In most of the original systems that C ran on the size of an int was 32 bits and was the same as a pointer, so this actually worked.
It has no advantages and should not be used, since it invokes undefined behavior (and uses the wrong type - int instead of size_t).
The C standard defines an offsetof macro in stddef.h which actually works, for cases where you need the offset of an element in a structure, such as:
#include <stddef.h>
struct foo {
int a;
int b;
char *c;
};
struct struct_desc {
const char *name;
int type;
size_t off;
};
static const struct struct_desc foo_desc[] = {
{ "a", INT, offsetof(struct foo, a) },
{ "b", INT, offsetof(struct foo, b) },
{ "c", CHARPTR, offsetof(struct foo, c) },
};
which would let you programmatically fill the fields of a struct foo by name, e.g. when reading a JSON file.
At no point in the above code is anything dereferenced. A dereference occurs when the * or -> is used on an address value to find referenced value. The only use of * above is in a type declaration for the purpose of casting.
The -> operator is used above but it's not used to access the value. Instead it's used to grab the address of the value. Here is a non-macro code sample that should make it a bit clearer
SomeType *pSomeType = GetTheValue();
int* pMember = &(pSomeType->SomeIntMember);
The second line does not actually cause a dereference (implementation dependent). It simply returns the address of SomeIntMember within the pSomeType value.
What you see is a lot of casting between arbitrary types and char pointers. The reason for char is that it's one of the only type (perhaps the only) type in the C89 standard which has an explicit size. The size is 1. By ensuring the size is one, the above code can do the evil magic of calculating the true offset of the value.
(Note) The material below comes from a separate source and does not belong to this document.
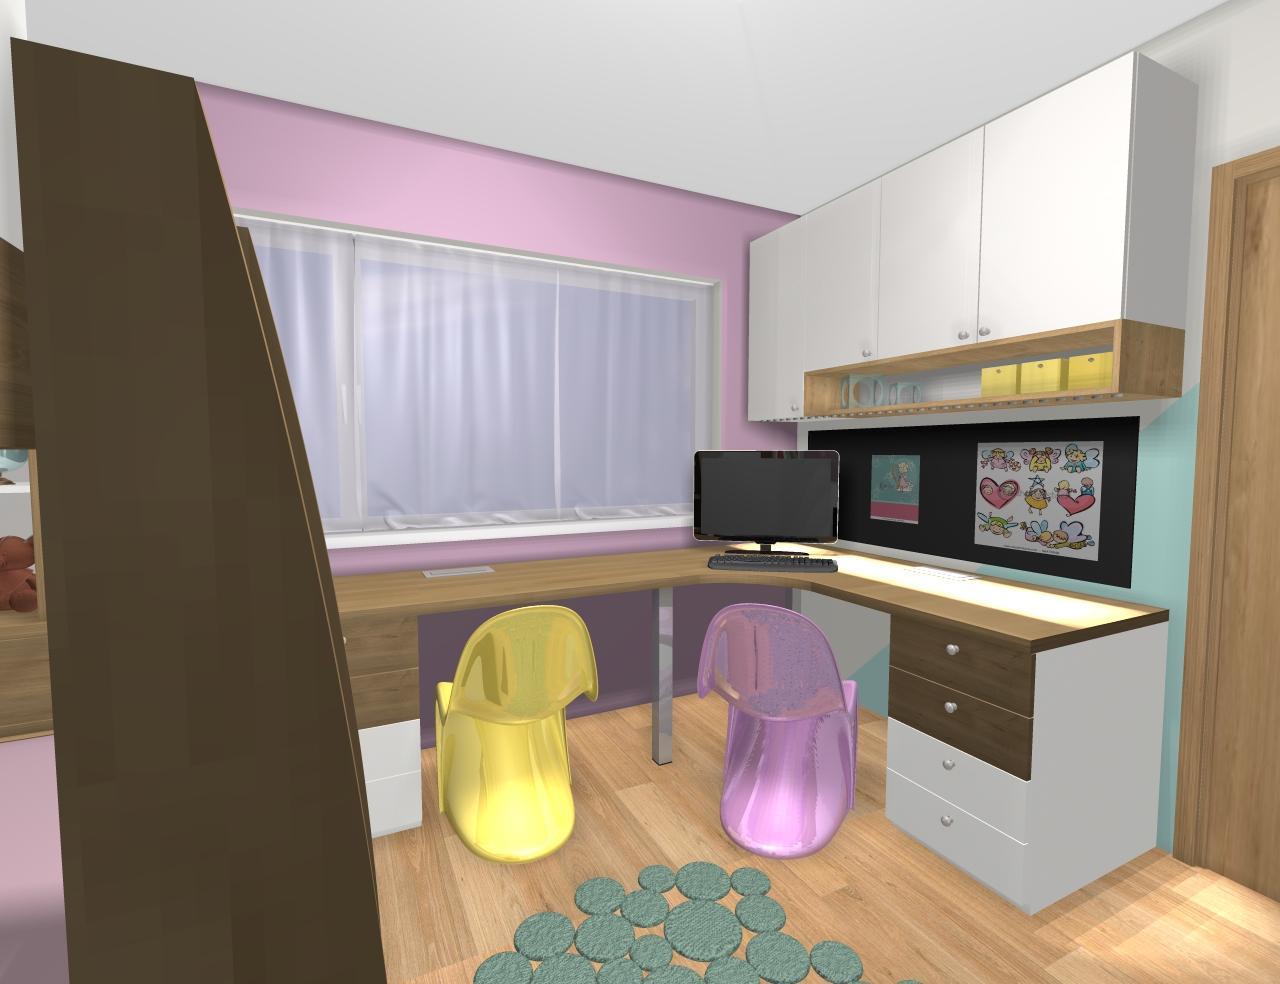 Grafické návrhy interiér 2019 - Grafický návrh detskej izby pre dve dievčatká - verzia 1 - obr.8

In ANSI C, offsetof is NOT defined like that. One of the reasons it's not defined like that is that some environments will indeed throw null pointer exceptions, or crash in other ways. Hence, ANSI C leaves the implementation of offsetof( ) open to compiler builders.
The code shown above is typical for compilers/environments that do not actively check for NULL pointers, but fail only when bytes are read from a NULL pointer.
It's a builtin provided by the GCC compiler to implement the offsetof macro that is specified by the C and C++ Standard:
GCC - offsetof
It returns the offset in bytes that a member of a POD struct/union is at.
Sample:
struct abc1 { int a, b, c; };
union abc2 { int a, b, c; };
struct abc3 { abc3() { } int a, b, c; }; // non-POD
union abc4 { abc4() { } int a, b, c; }; // non-POD
assert(offsetof(abc1, a) == 0); // always, because there's no padding before a.
assert(offsetof(abc1, b) == 4); // here, on my system
assert(offsetof(abc2, a) == offsetof(abc2, b)); // (members overlap)
assert(offsetof(abc3, c) == 8); // undefined behavior. GCC outputs warnings
assert(offsetof(abc4, a) == 0); // undefined behavior. GCC outputs warnings
@Jonathan provides a nice example of where you can use it. I remember having seen it used to implement intrusive lists (lists whose data items include next and prev pointers itself), but I can't remember where it was helpful in implementing it, sadly.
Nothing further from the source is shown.